Sarah Munro’s primary concern is environmental degradation through species and habitat loss, pollution and deforestation. With colonisation came the introduction of an ideology* that locates humanity as the dominant species. An anthropocentric attitude and belief with a resulting practice that places humanities requirements and progression as its central privillage .
Sarah Munro’s ongoing Trade Items series consists of meticulously embroidered works that reference a 1769 watercolour and pencil drawing by Tahitian high priest and master navigator Tupaia of Ra‘iātea. The drawing records the exchange of a large crayfish for a length of cloth and is noted to have occurred in the early weeks of James Cook’s first survey of Aotearoa. Employing the use of repetition and substitution Munro’s series of hand-sewn works, euphemistically titled ‘Trade Items’, are not historically accurate illustrations but rather contemplations in cloth and thread of the ongoing repercussions of this inceptive trade.

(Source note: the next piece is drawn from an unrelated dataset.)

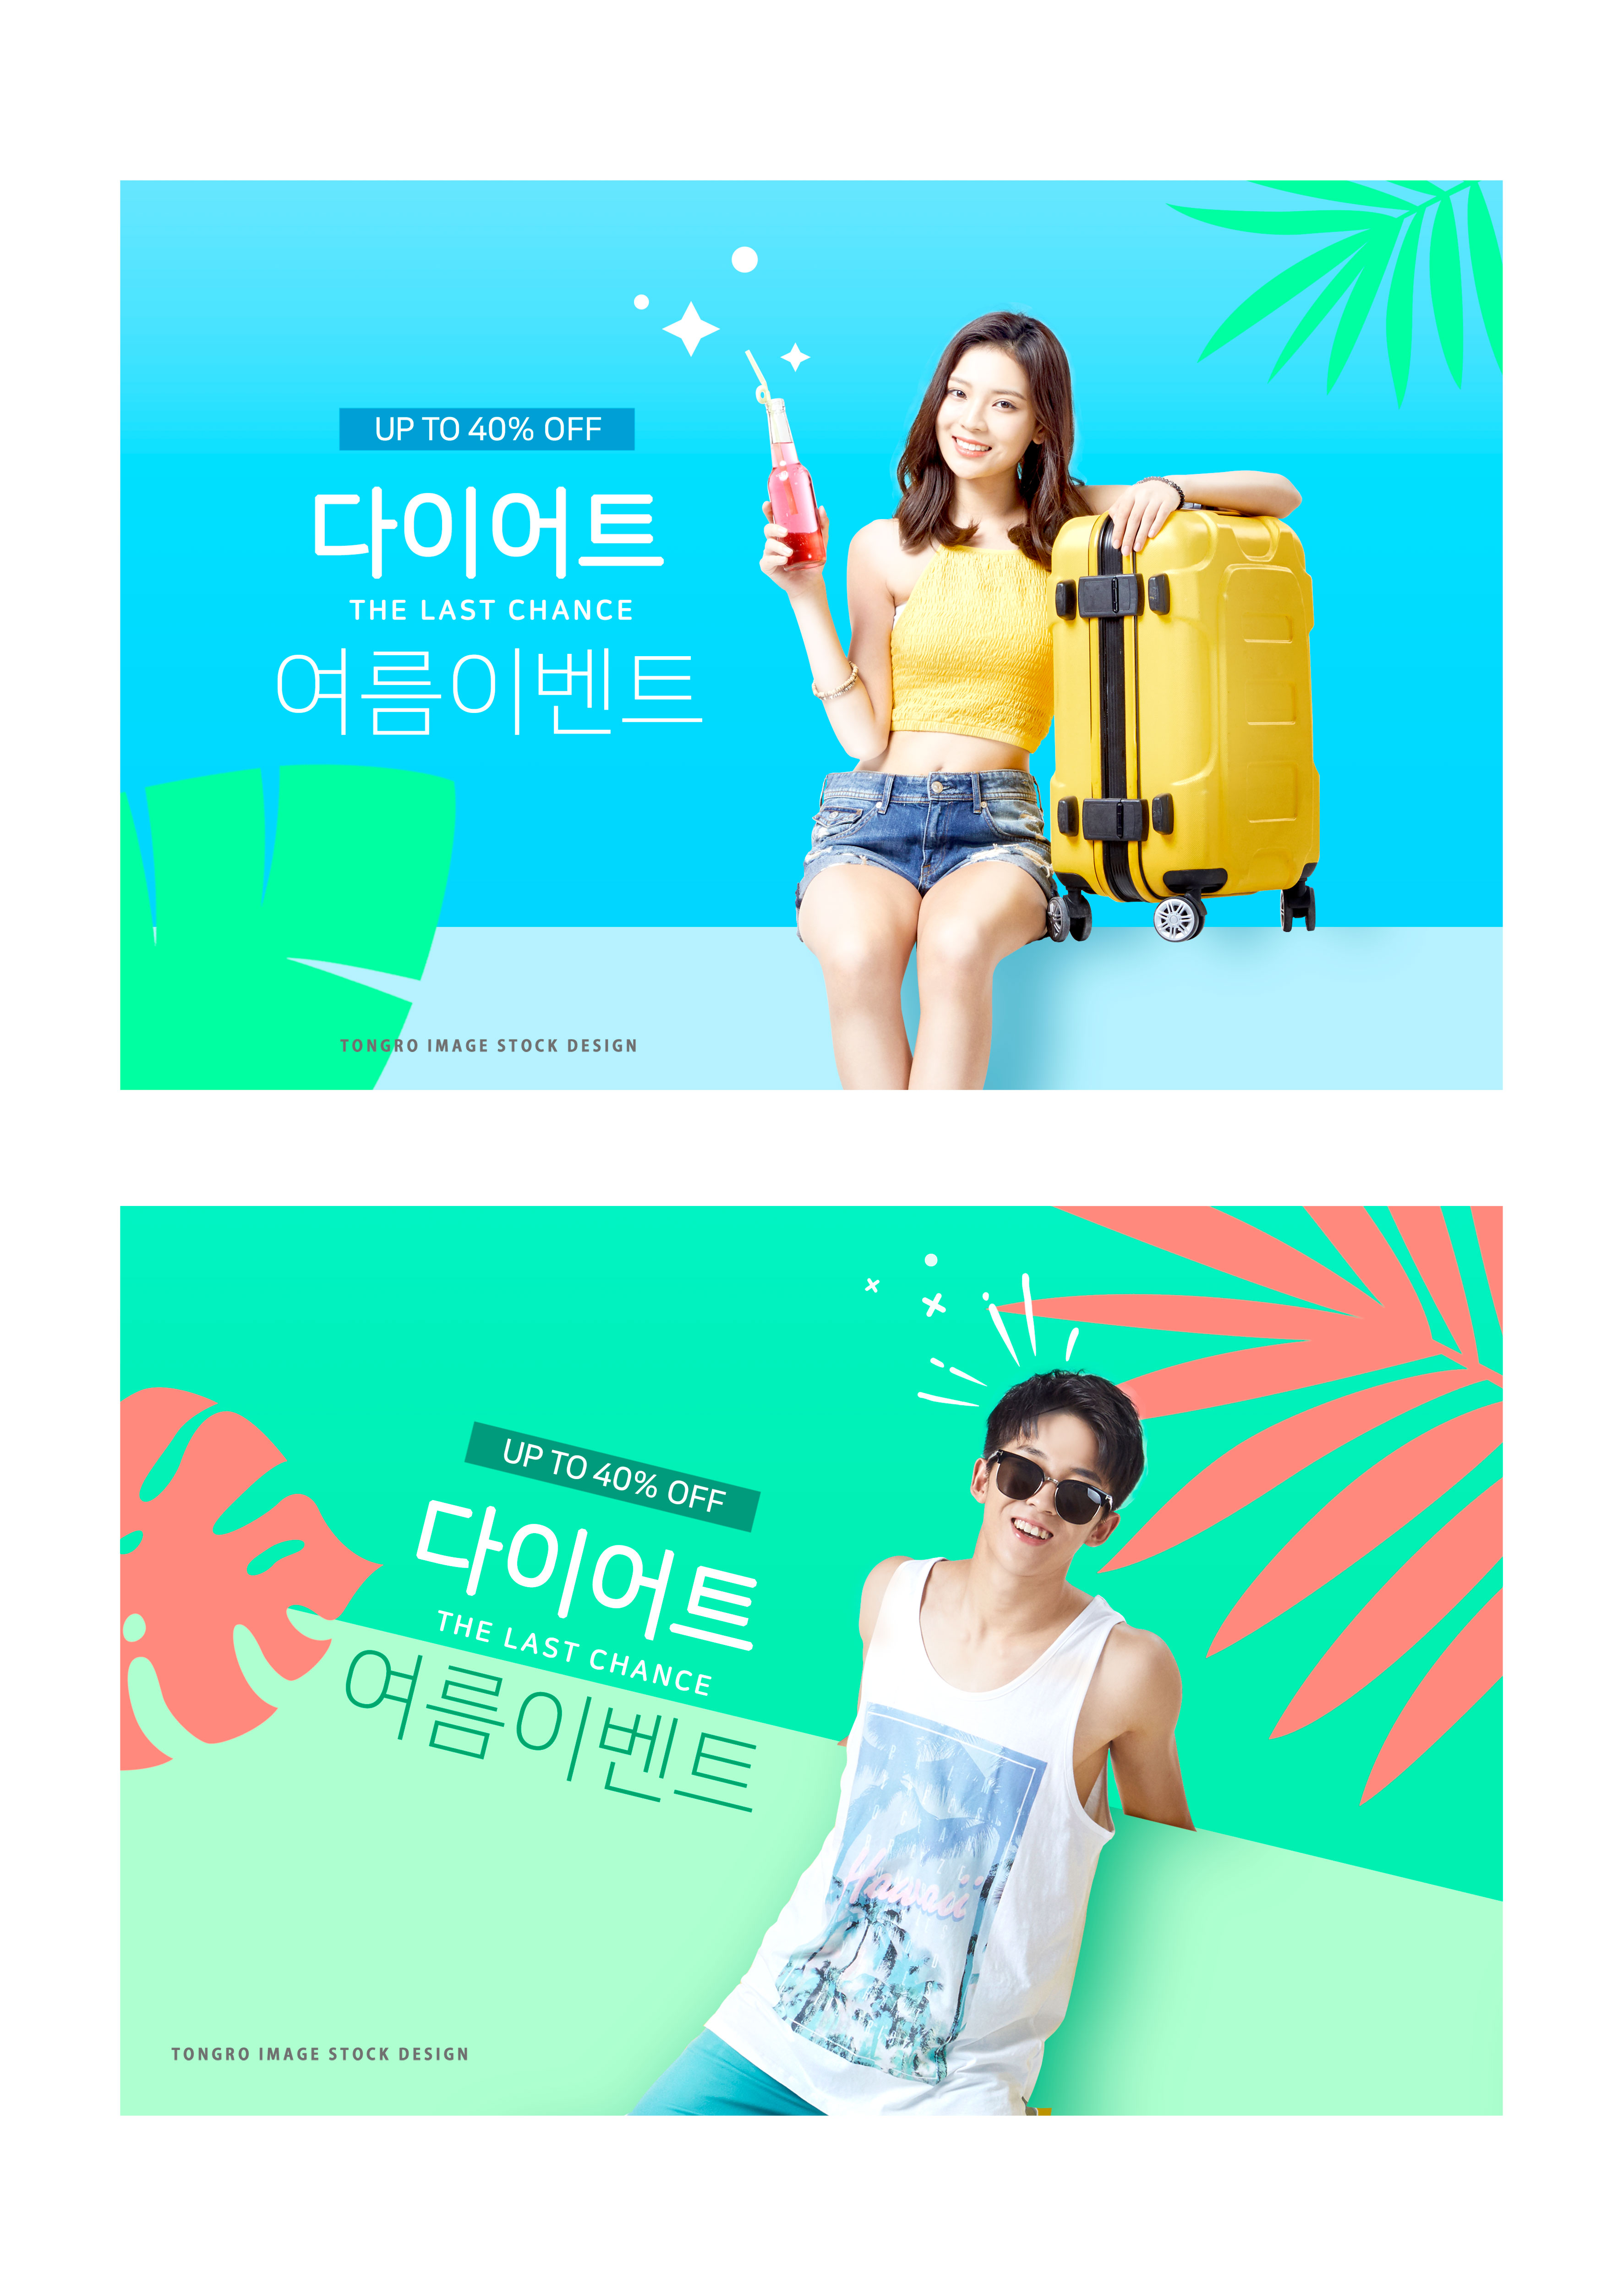 夏季暑假旅行促销活动广告海报/Banner设计模板插图

Munro locates her work by selecting items of trade that denote environmental issues pertinent to Aotearoa. Within this series Munro swaps out the original articles of trade and the central figures in the narrative instead exchange a succession of introduced and endemic flora, fauna and objects of contemporary manufacture. Amongst Munro’s traded items, reproduced in embroidered miniature, are botanical drawings from Joseph Banks Florilegium and travel journals; natural history illustrations from botanical artists such as Sarah Featon, Nancy Adams, Walter Fitch and Georgina Burne Hetley; birds of New Zealand by Walter Buller; New Zealand stamps, story books, museum online collections and Google image searches.

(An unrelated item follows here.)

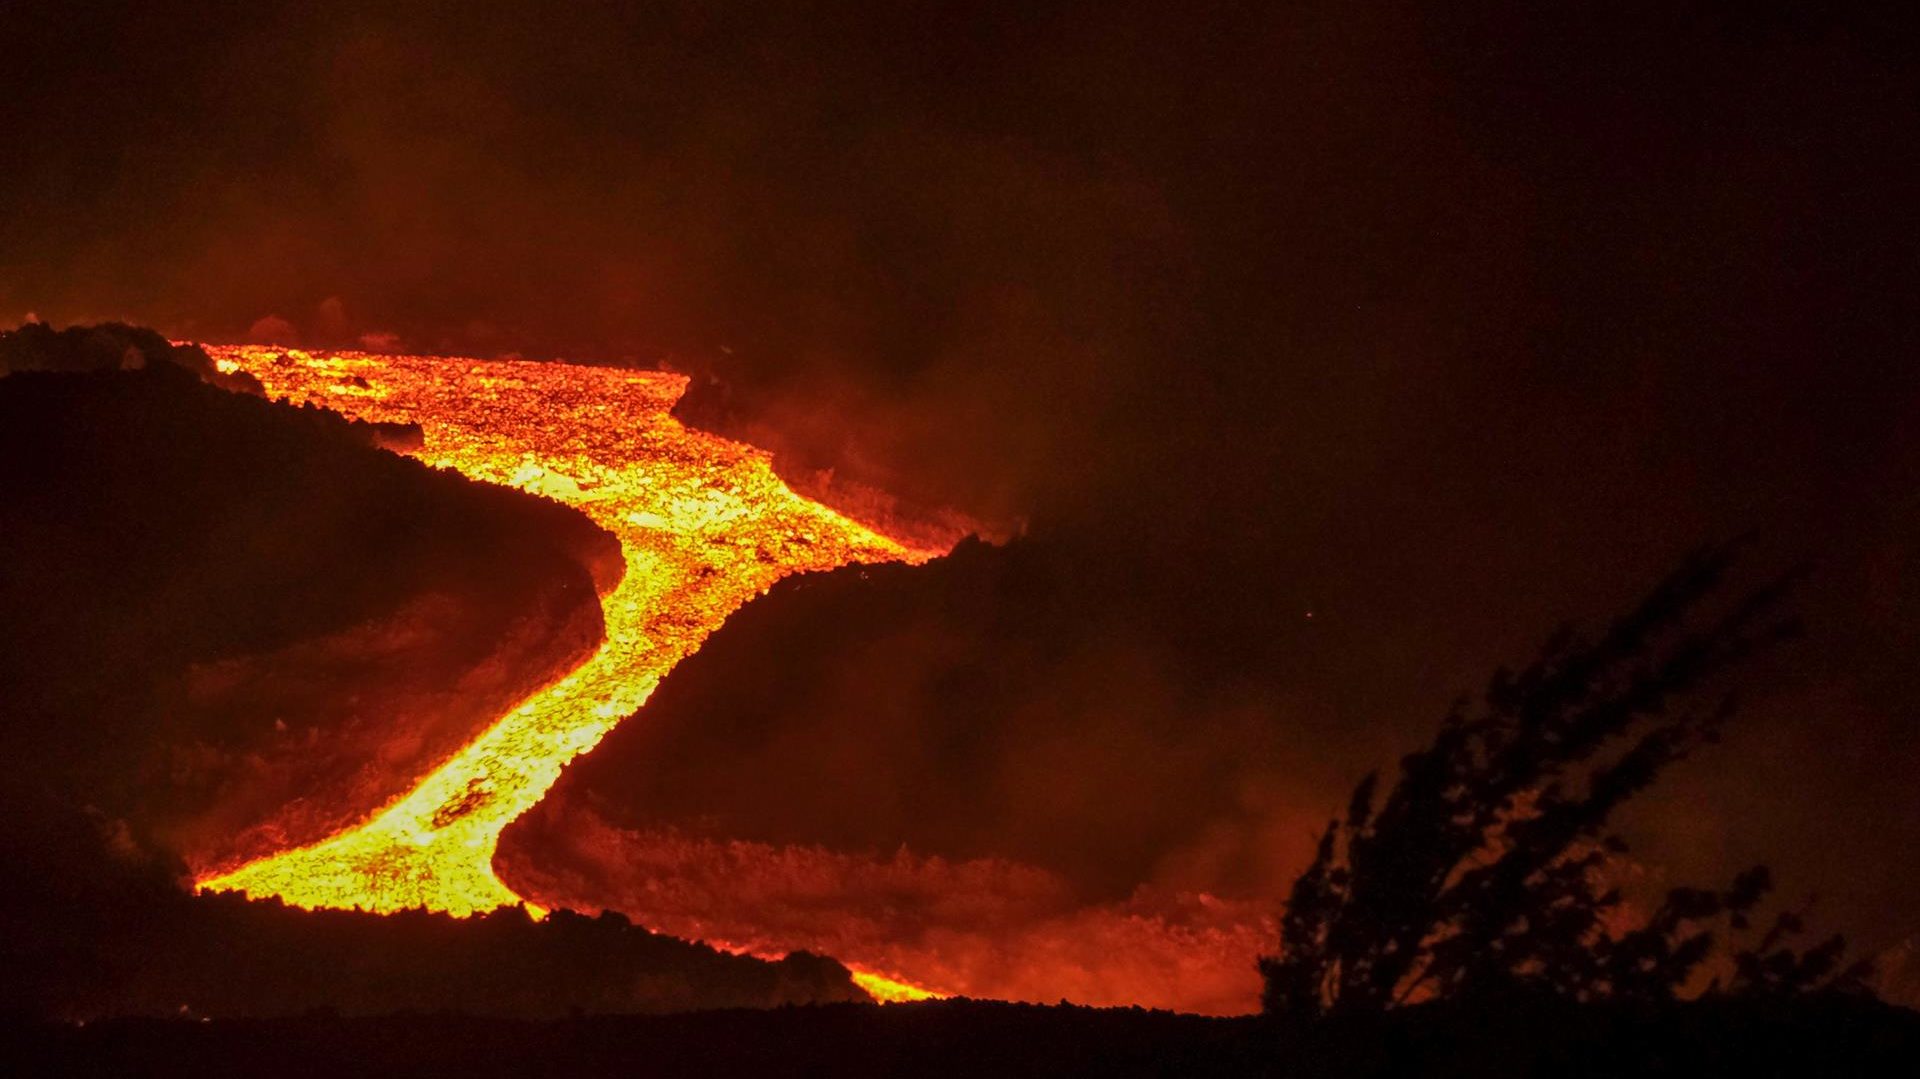 El colapso parcial del cono del volcán de La Palma deja expuesta una gran fuente de lava

Sarahs choice of materials and method is couched in lauguage borrowed from feminist art history. Made using a process associated with the concept of ‘the fairer sex’ these deceptively decorative works are quietly provocative and sharply political. “While a ship is usually referred to as a ‘she’, the seafaring superstition of Cook’s time was that a woman on board was unlucky, could result in an angry sea and put the crew in peril. The women had to stay home. We don’t appear in the central heroic narrative of Cook’s ‘adventures’.”
* “Do you also see a land ravaged by the impact of introduced ideologies; Imperial, colonial, racist and economic” Natalie Robertson (Ngāti Porou, Clann Dhònnchaidh), Through New Eyes, EDS 2019 Conference: 14-15 August 2019, Session 9 – The future of the East Cape. @11:56min)

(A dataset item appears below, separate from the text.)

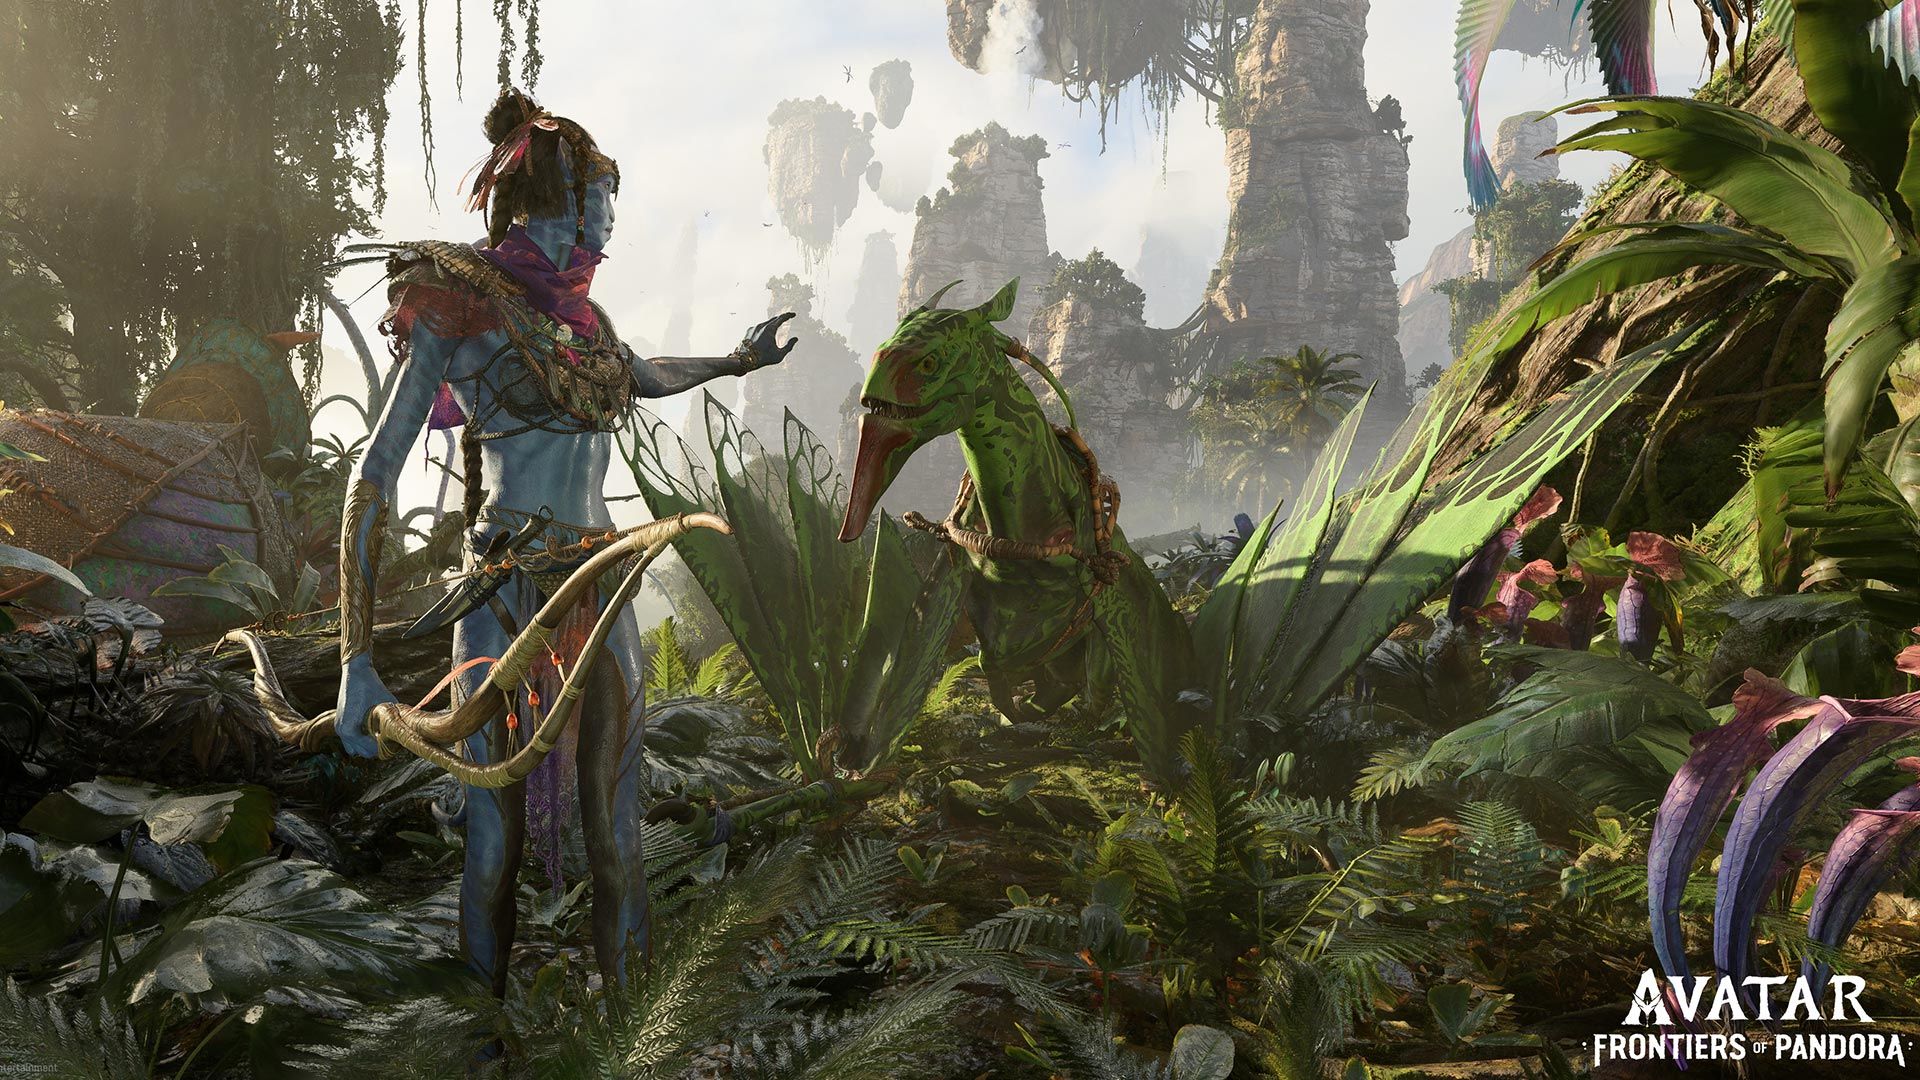 Trỗi dậy với những công nghệ mới nhất và ảnh đẹp nhất trong Avatar: Frontiers of Pandora. Choáng ngợp trước sức mạnh của động vật Na\'vi, vũ khí mới và trang bị khiến trò chơi này trông còn tuyệt vời hơn nữa.

Sarah Munro (b. Kirikiriroa, Aotearoa) received a Doctorate in Fine Arts at Elam School of Fine Arts at the University of Auckland. Munro has been the recipient of artist residencies including the Frances Hodgkins Fellowship at the University of Otago and her work is represented in public and private collections. Sarah Munro is represented by Page Galleries.
Work Prior to Trade Items series:
Sarah Munro’s work engages with the relationship between painting, representation and technology. Her paintings are developed directly from CAD (Computer Aided Design) drawings exploring the geometric vernacular that is fundamental to this software. Munro’s work considers a painting as an object within the continuum of manufactured and pigment coated objects. The formal conventions from both minimalism and product design software are recombined and the painted forms produced with machine milling, fibreglass lamination and an automotive paint system. Using the geometric forms of minimalism, with a repeated emphasis on the polygon shape, the work plays off distinctions between the real with the virtual. Fictitious shadows and highlights generated within the software are rendered across their 3D fibreglass supports so that, when finished, they seem to represent their counterparts drawn within the digital environment.
Sarah Munro’s paintings; painted surfaces over custom made three-dimensional supports, intentionally engage with spatial concerns usually attributed to sculpture while maintaining a dialogue with traditionally two-dimensional concerns such as the pictorial conventions used to represent light or draw three dimensional forms. Recent works include specific elements that have been designed in relation to the architecture of the gallery space the work will occupy. Prior artwork has been discrete and contained within the physical limits of the art object but the work made for the exhibition ‘Surface Detail’ took on a more intentional relationship with the surrounding architecture. The viewers attention was lead from the surface of the work, back to the wall surface the paintings were hung on, to the specific shape and orientation of the architecture. Making use of CAD’s geometry and pictorial illusions that simulate perspective, it borrowed some of these pictorial conventions to generate a disjunctive relationship between the painted object and the gallery space; as if the work, with its emphasized artificiality, exists within a slightly different spatial environment to the room itself.